Forum OpenACS Development: Custom privileges for a package

Collapse
Posted by Dave Bauer on
I am working on ETP 2.0, and I think I need one privilege that is not
in the standard set of read, write, create, delete, admin.

I can create this additional privilege, etp_publish as a child of admin.

Is there any reason to create new copies of read,write, etc... for a
package if the standard ones will work?

Collapse
Posted by Don Baccus on
The whole issue of replicated permissions is unsolved as there still seems to be differing opinions.  IMO the answer is "no", but I'm just one voice.

"publish" is so common to the CR paradigm that it ought to be declared there, perhaps with "edit" as well.  That's my off-the-top notion, anyway.

Collapse
Posted by Jon Griffin on
I also say no.

In the beginning days of ACS 4 most of the package porters at AD created priviliges sub classed from the main set of permissions.
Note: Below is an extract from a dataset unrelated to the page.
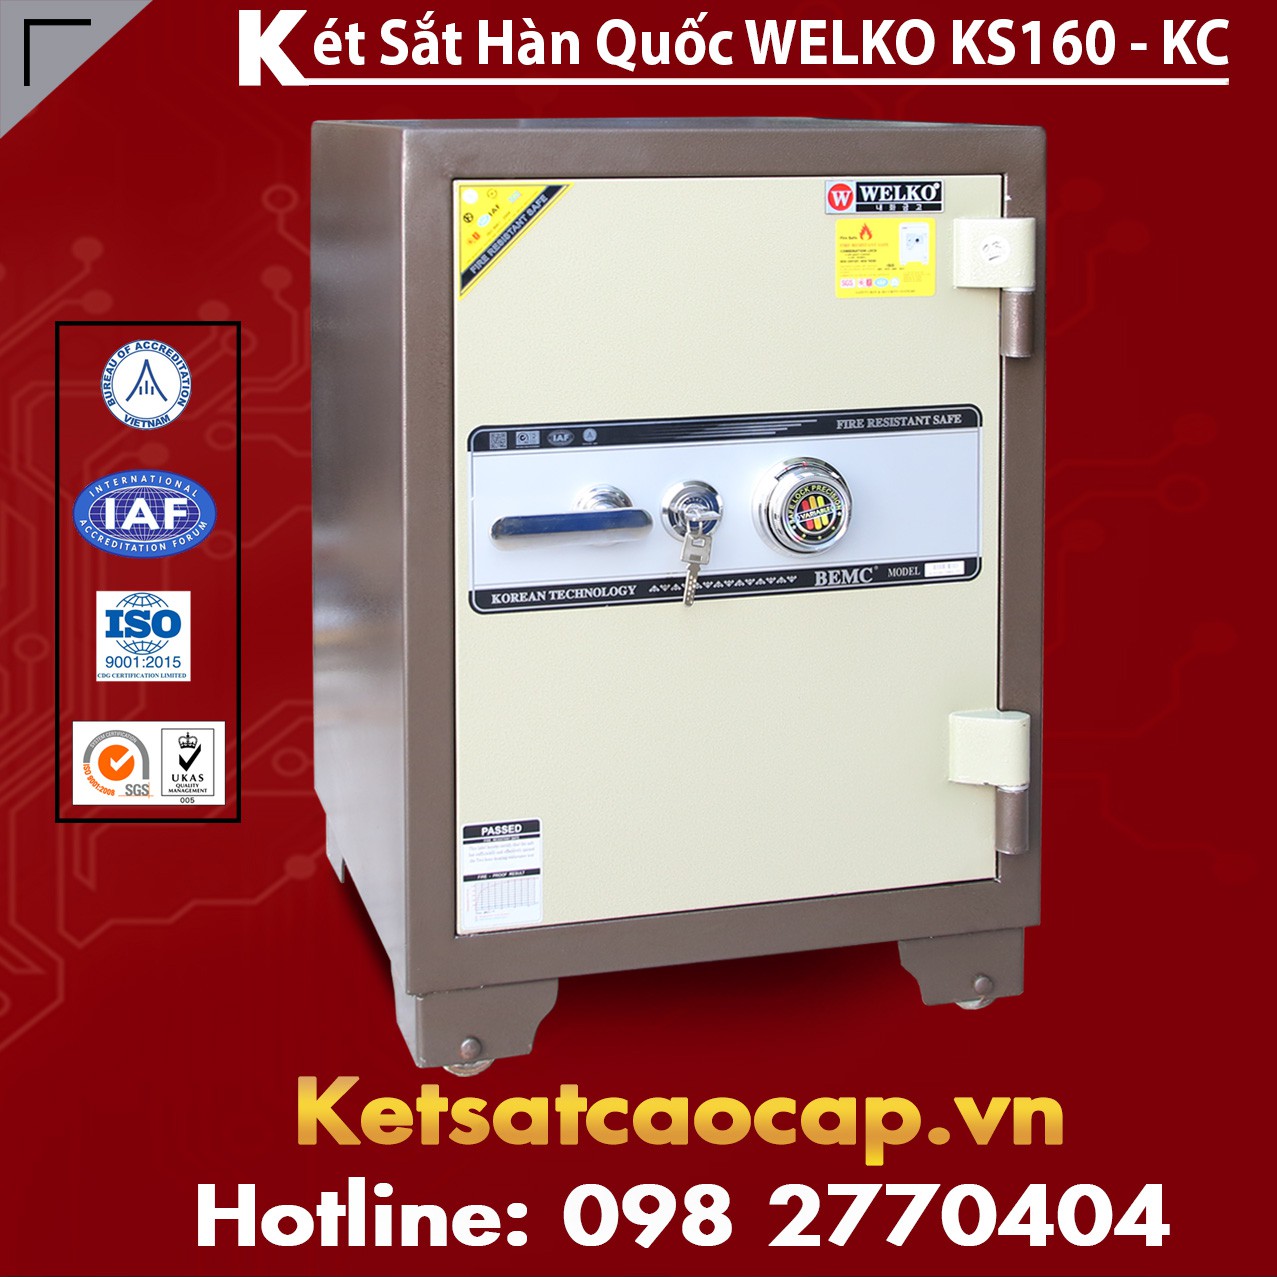 Ket Sat Van Phong Welko KS125 - KC Brown

After some thought and learning it was determined that the only real need for a permission is when the standard ones don't work. I also don't see what creating etp_publish as a child of admin buys you. You will in effect be giving them admin permissions anyway. What does a person with publish permission do different from an admin?

Collapse
Posted by Dave Bauer on
Jon,

My reasoning for a seperate publish privilege was so that you could appoint a news admin that could post new stories and moderate suggested stories, but not do the other admin tasks, like changing the application type, adding permissions, that a package admin would be able to do.

Collapse
Posted by Barry Books on
If it were me I'd create a publish package and mount it under ETP and grant people read access to that instance if you'd like them to view publish stats, write to allow them to publish and admin to allow them to admin the publish system. I think that it's cleaner and works better with the existing permission model. You could write the code in such a way that an ETP publish package mounted on a subsite can publish any ETP package below it.
Collapse
Posted by Jon Griffin on
In that case if read/write don't do the job I think you are correct to add a privilege. It doesn't need to inherit from admin though.
Collapse
Posted by John Mileham on
It should if you want people with admin on object 0 to be able to do the action.  What's the current state of that debate?  I fall on the everything-should-inherit-from-admin side of the fence, personally.
Collapse
Posted by Jon Griffin on
Your right I forgot about that. Inherit from the base perms if you need to create a new permission, but make sure you really need it.